#### The problem:
Transcribe exactly the line with "Salomon – XT-Wings" and each line that follows it in the listing, down to the last, omitting all pictures.

#### Provided data:
★ ★ ★ ★

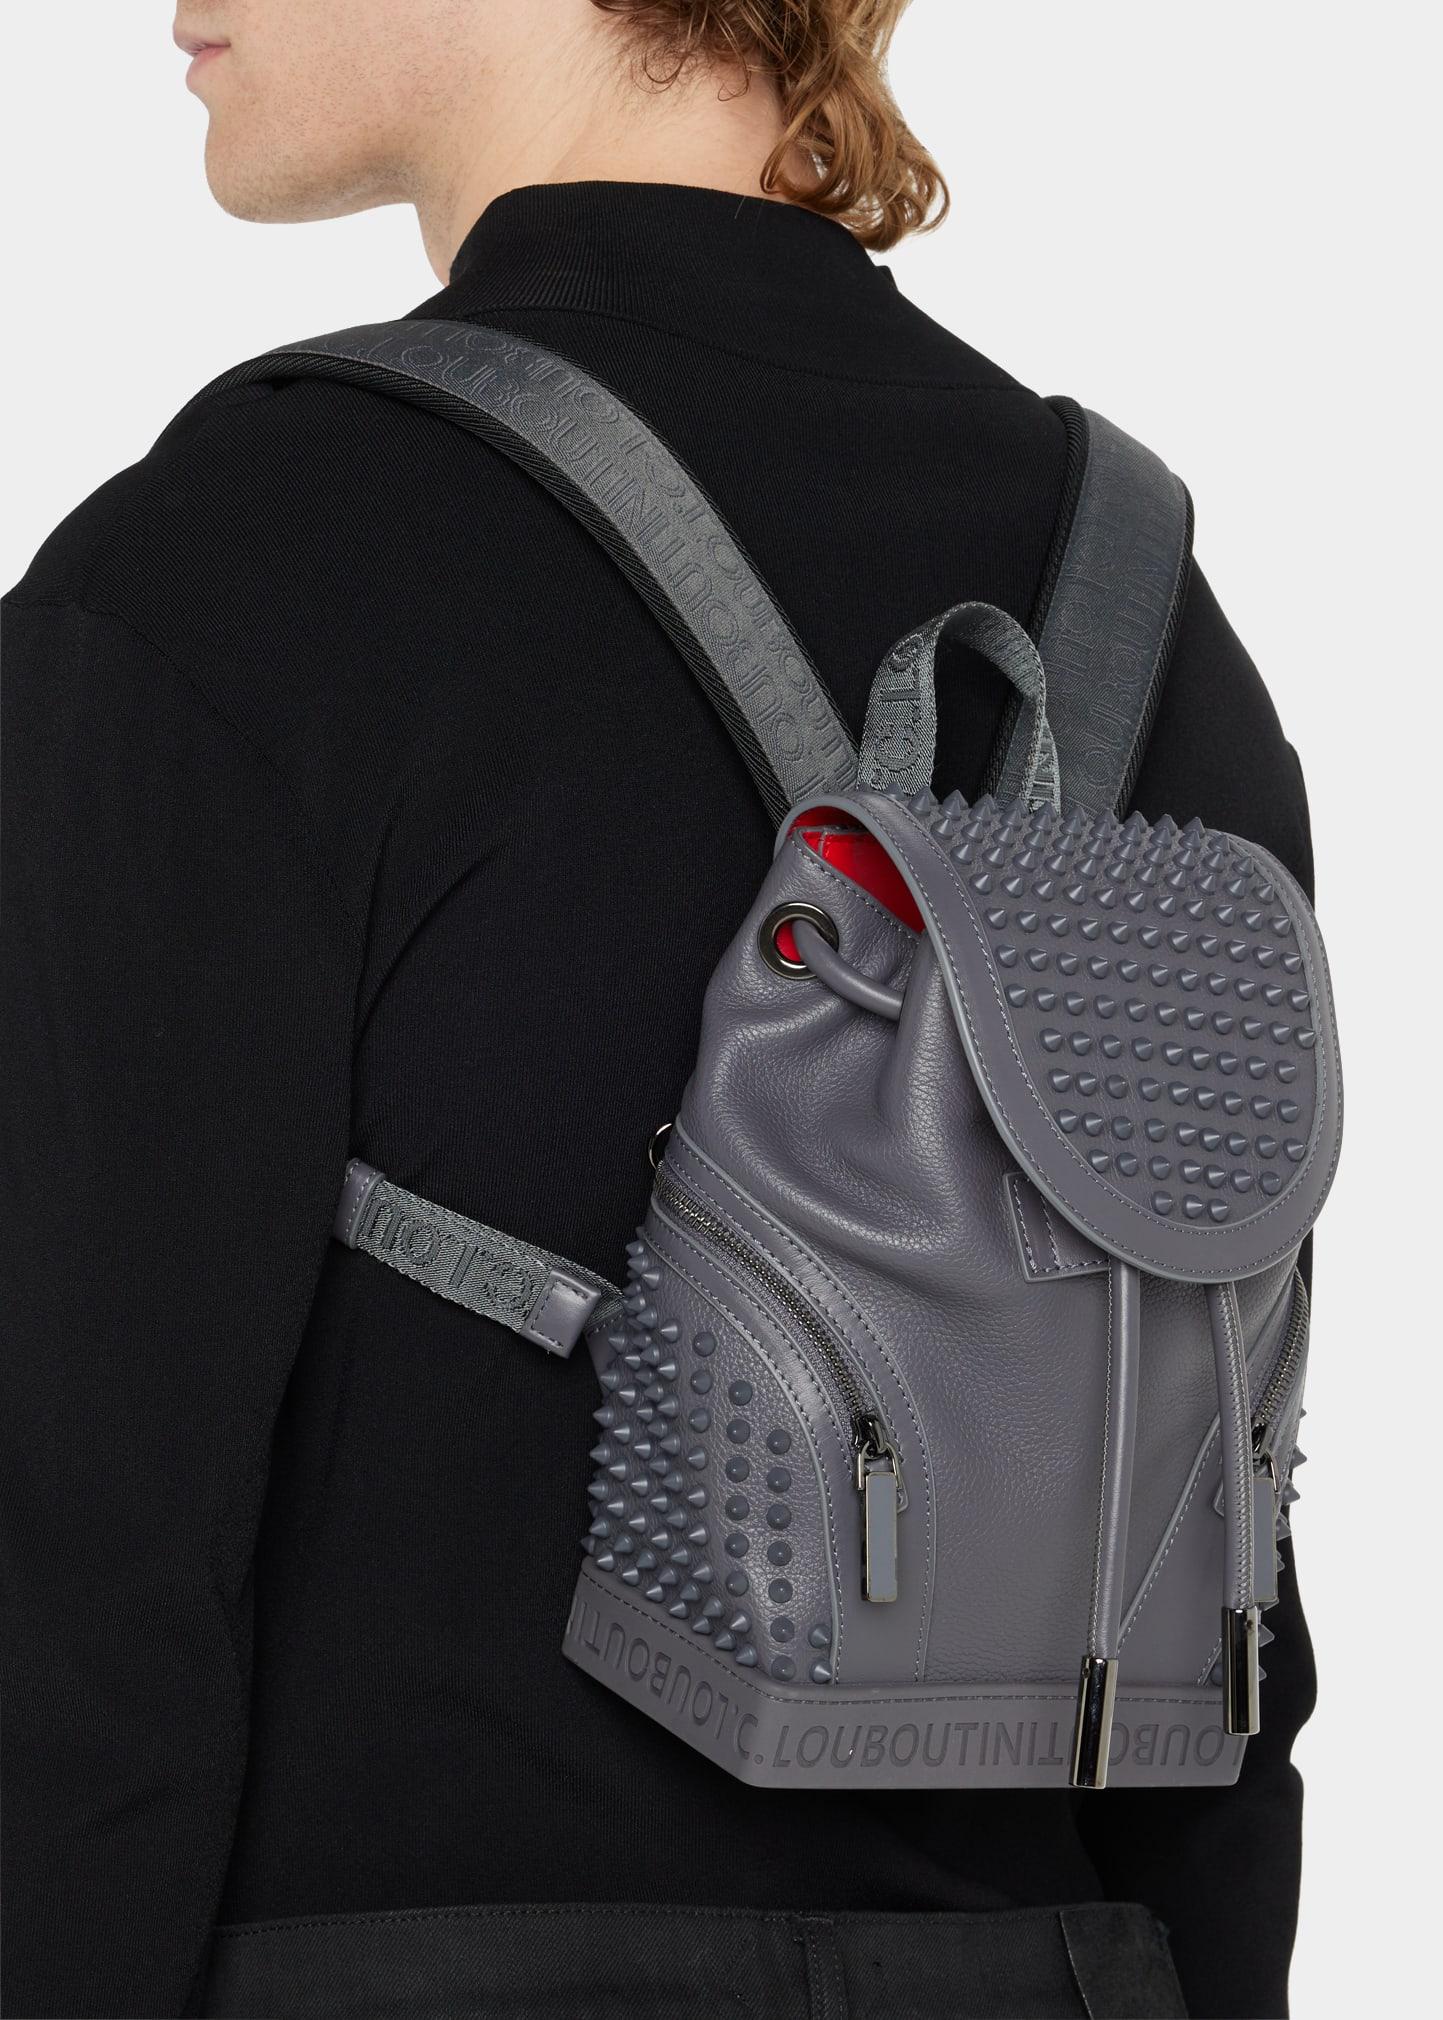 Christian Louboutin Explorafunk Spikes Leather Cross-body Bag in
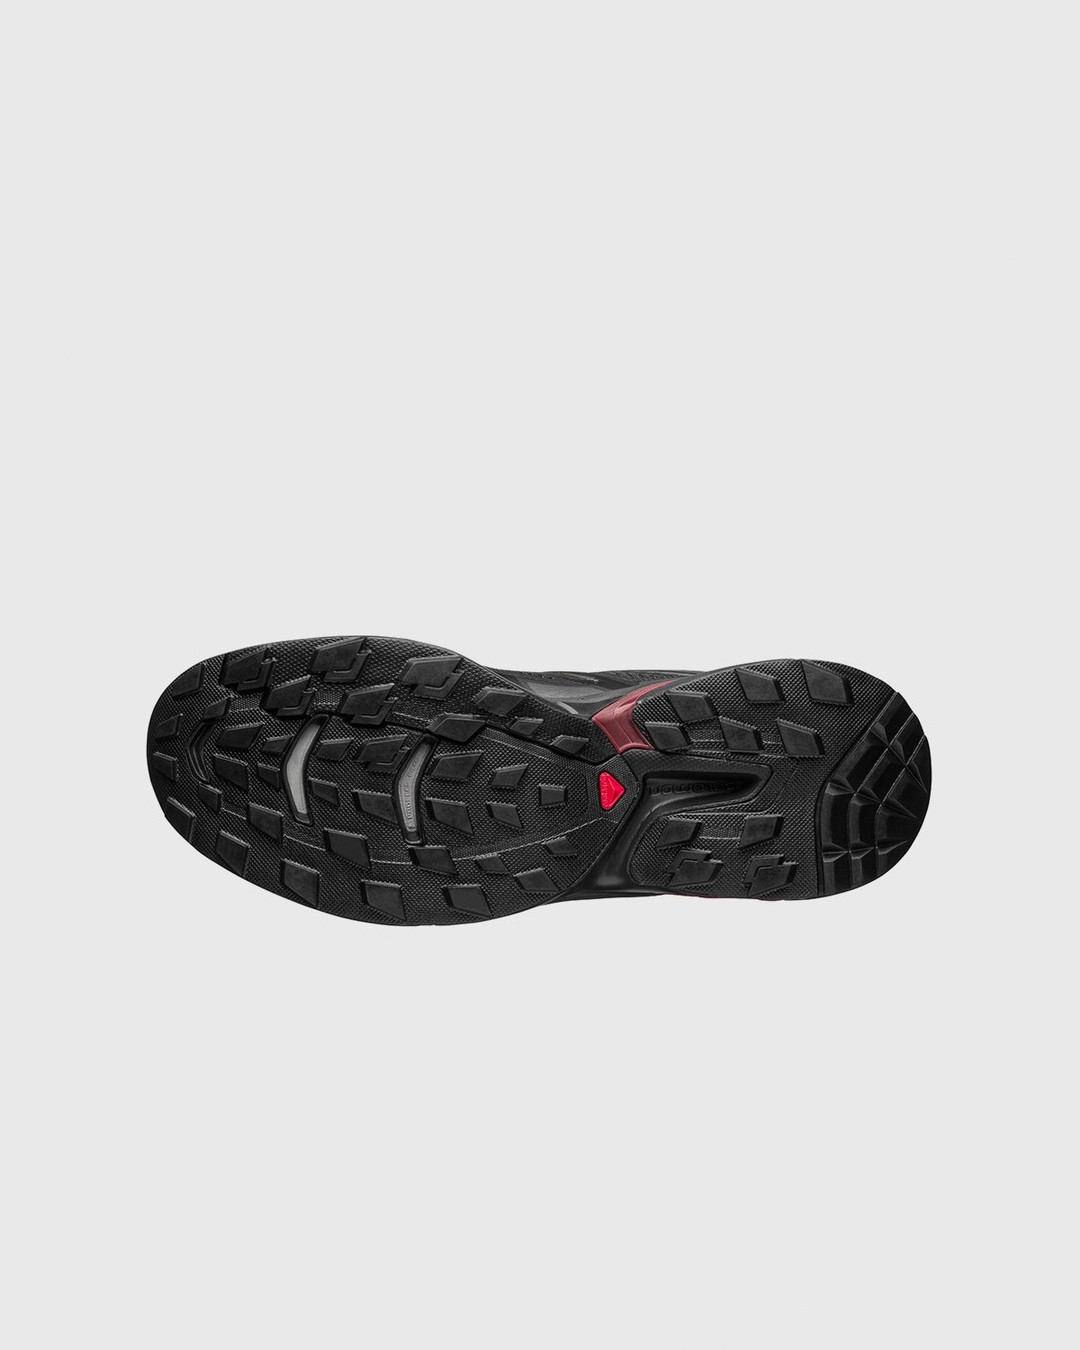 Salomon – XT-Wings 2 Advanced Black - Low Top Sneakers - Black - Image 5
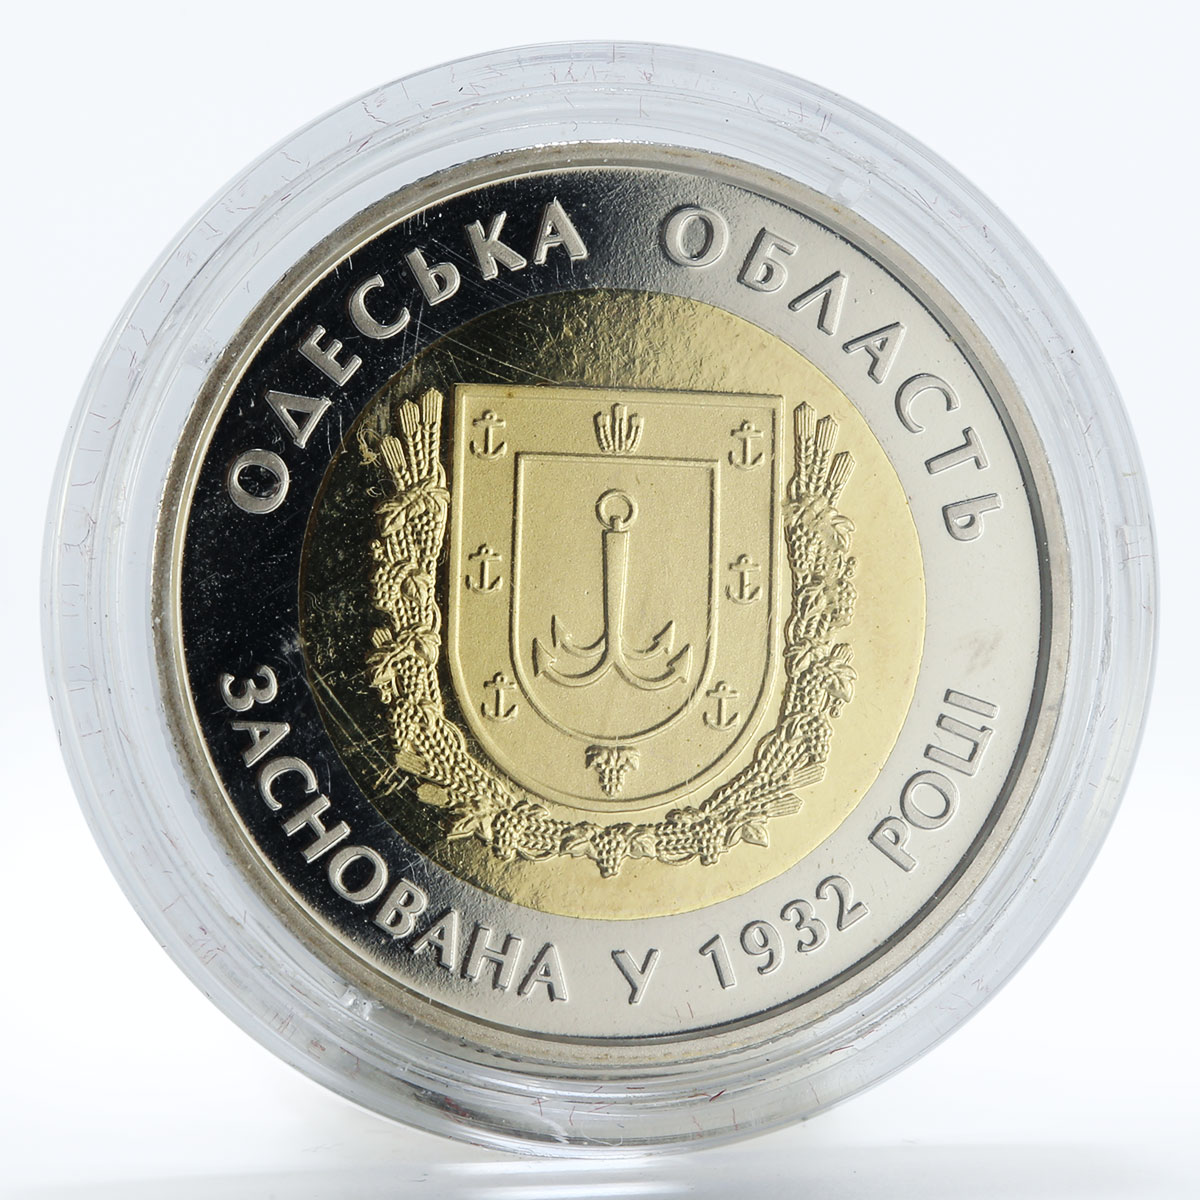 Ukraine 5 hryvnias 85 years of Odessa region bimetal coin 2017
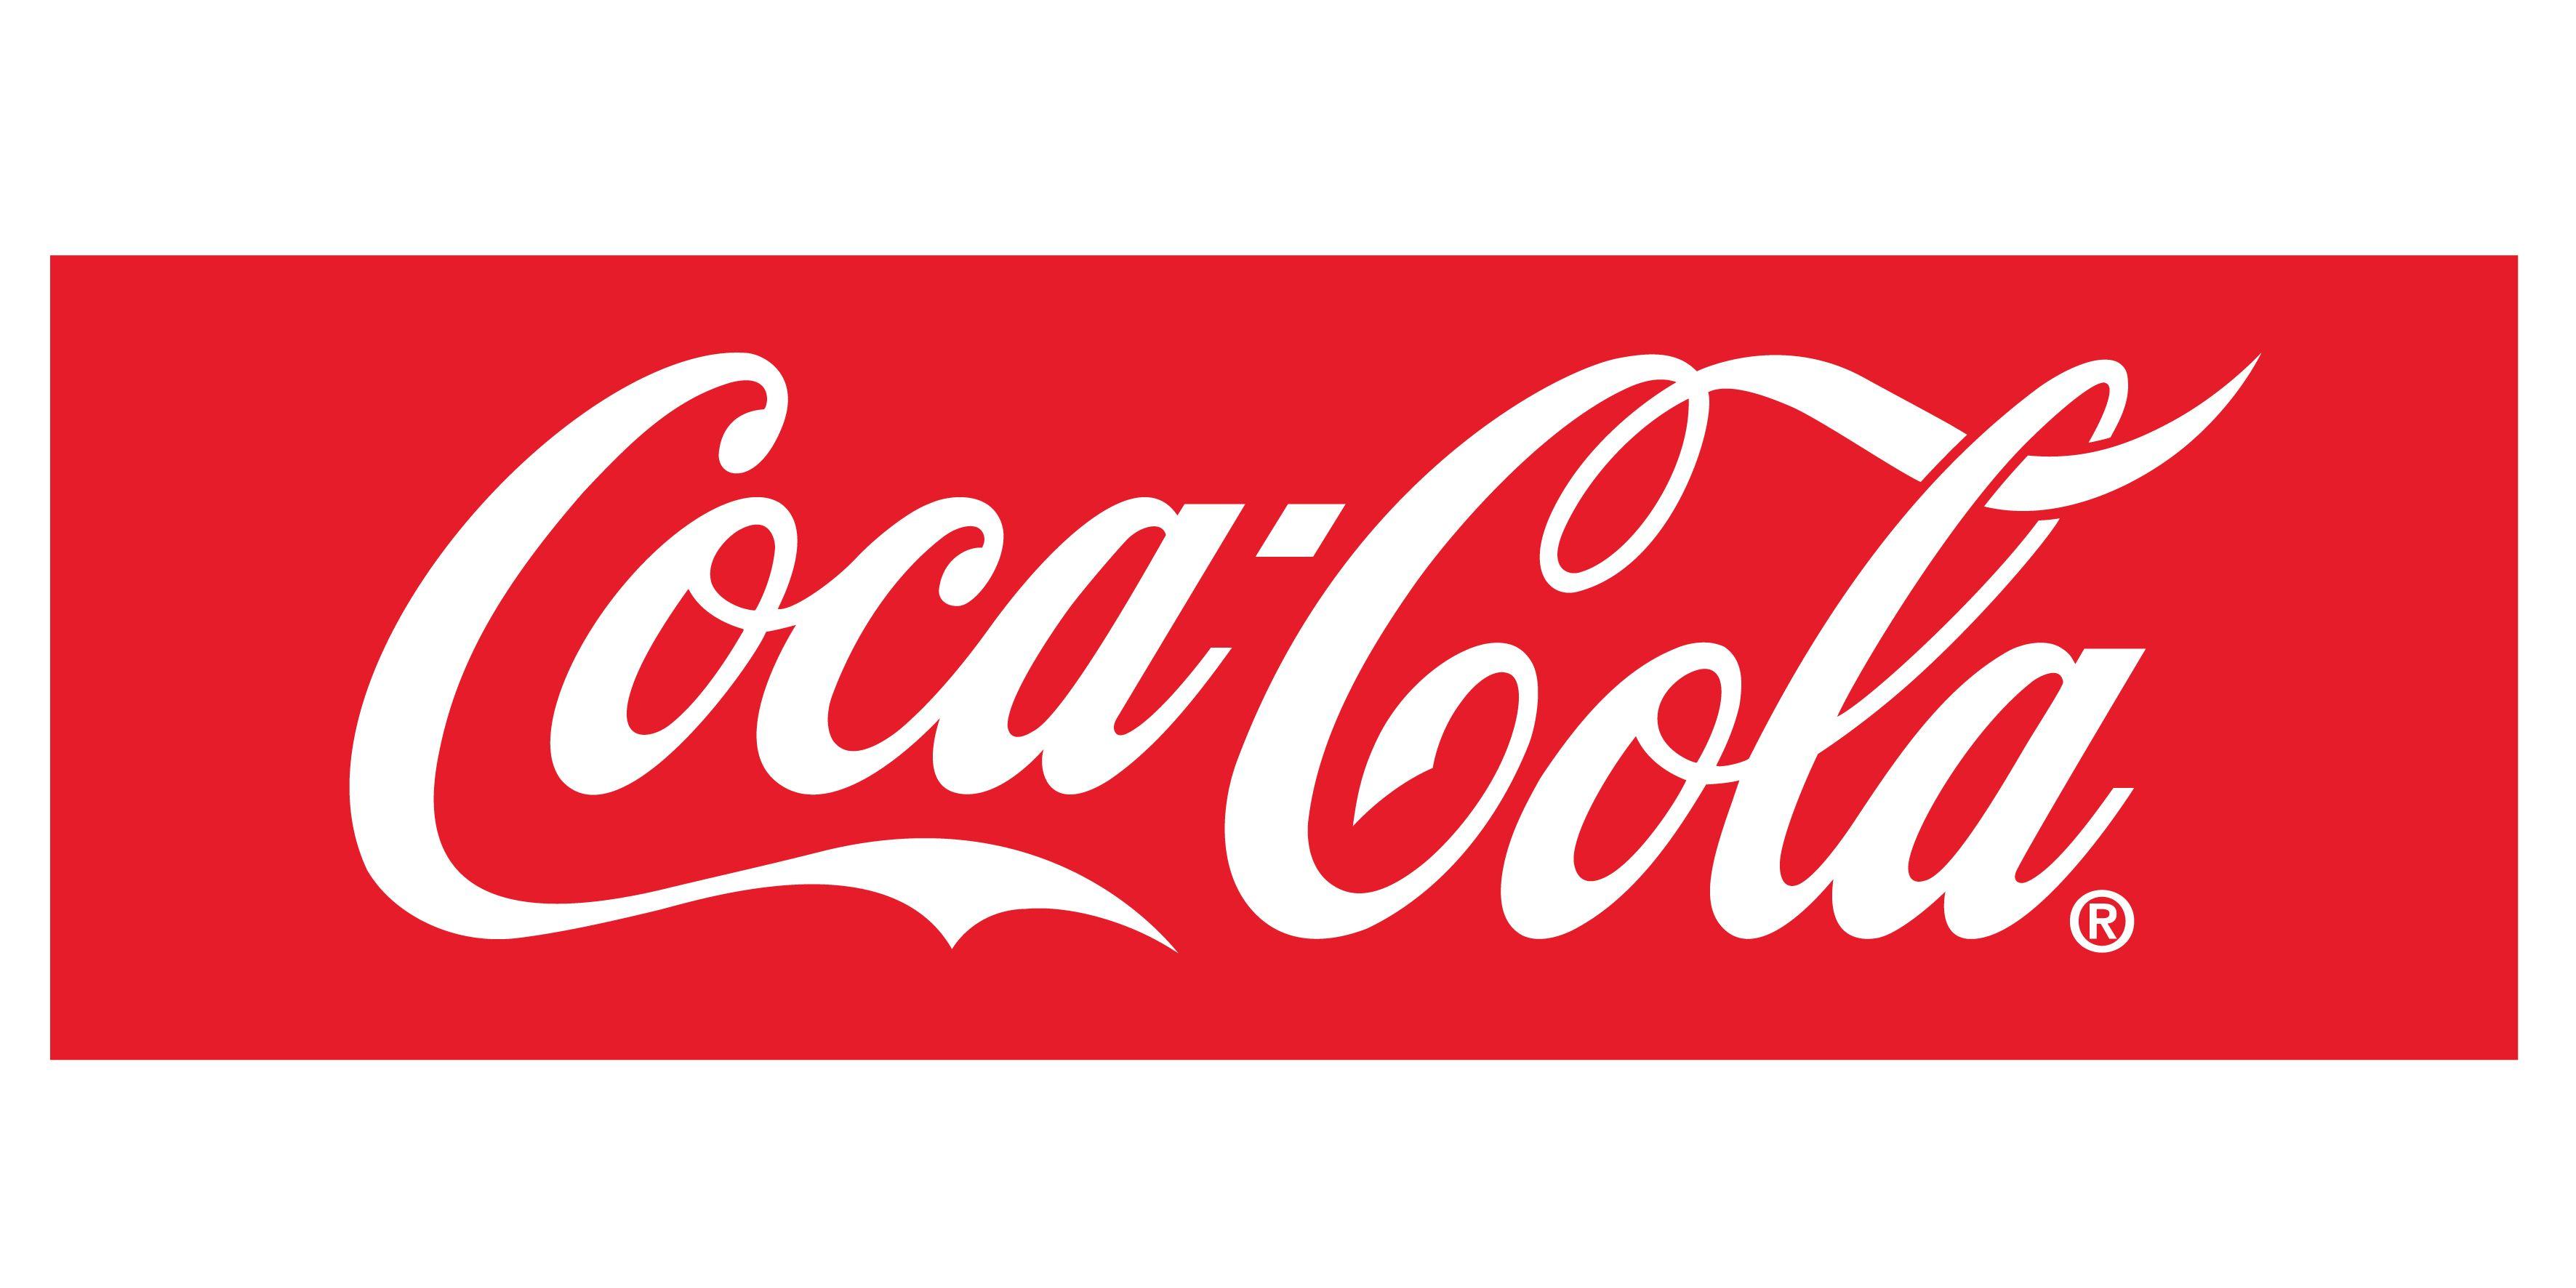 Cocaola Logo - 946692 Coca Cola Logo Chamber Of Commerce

★ ★ ★ ★

#### Answer box:
 Salomon – XT-Wings 2 Advanced Black - Low Top Sneakers - Black - Image 5
 Ukraine 5 hryvnias 85 years of Odessa region bimetal coin 2017
 Cocaola Logo - 946692 Coca Cola Logo Chamber Of Commerce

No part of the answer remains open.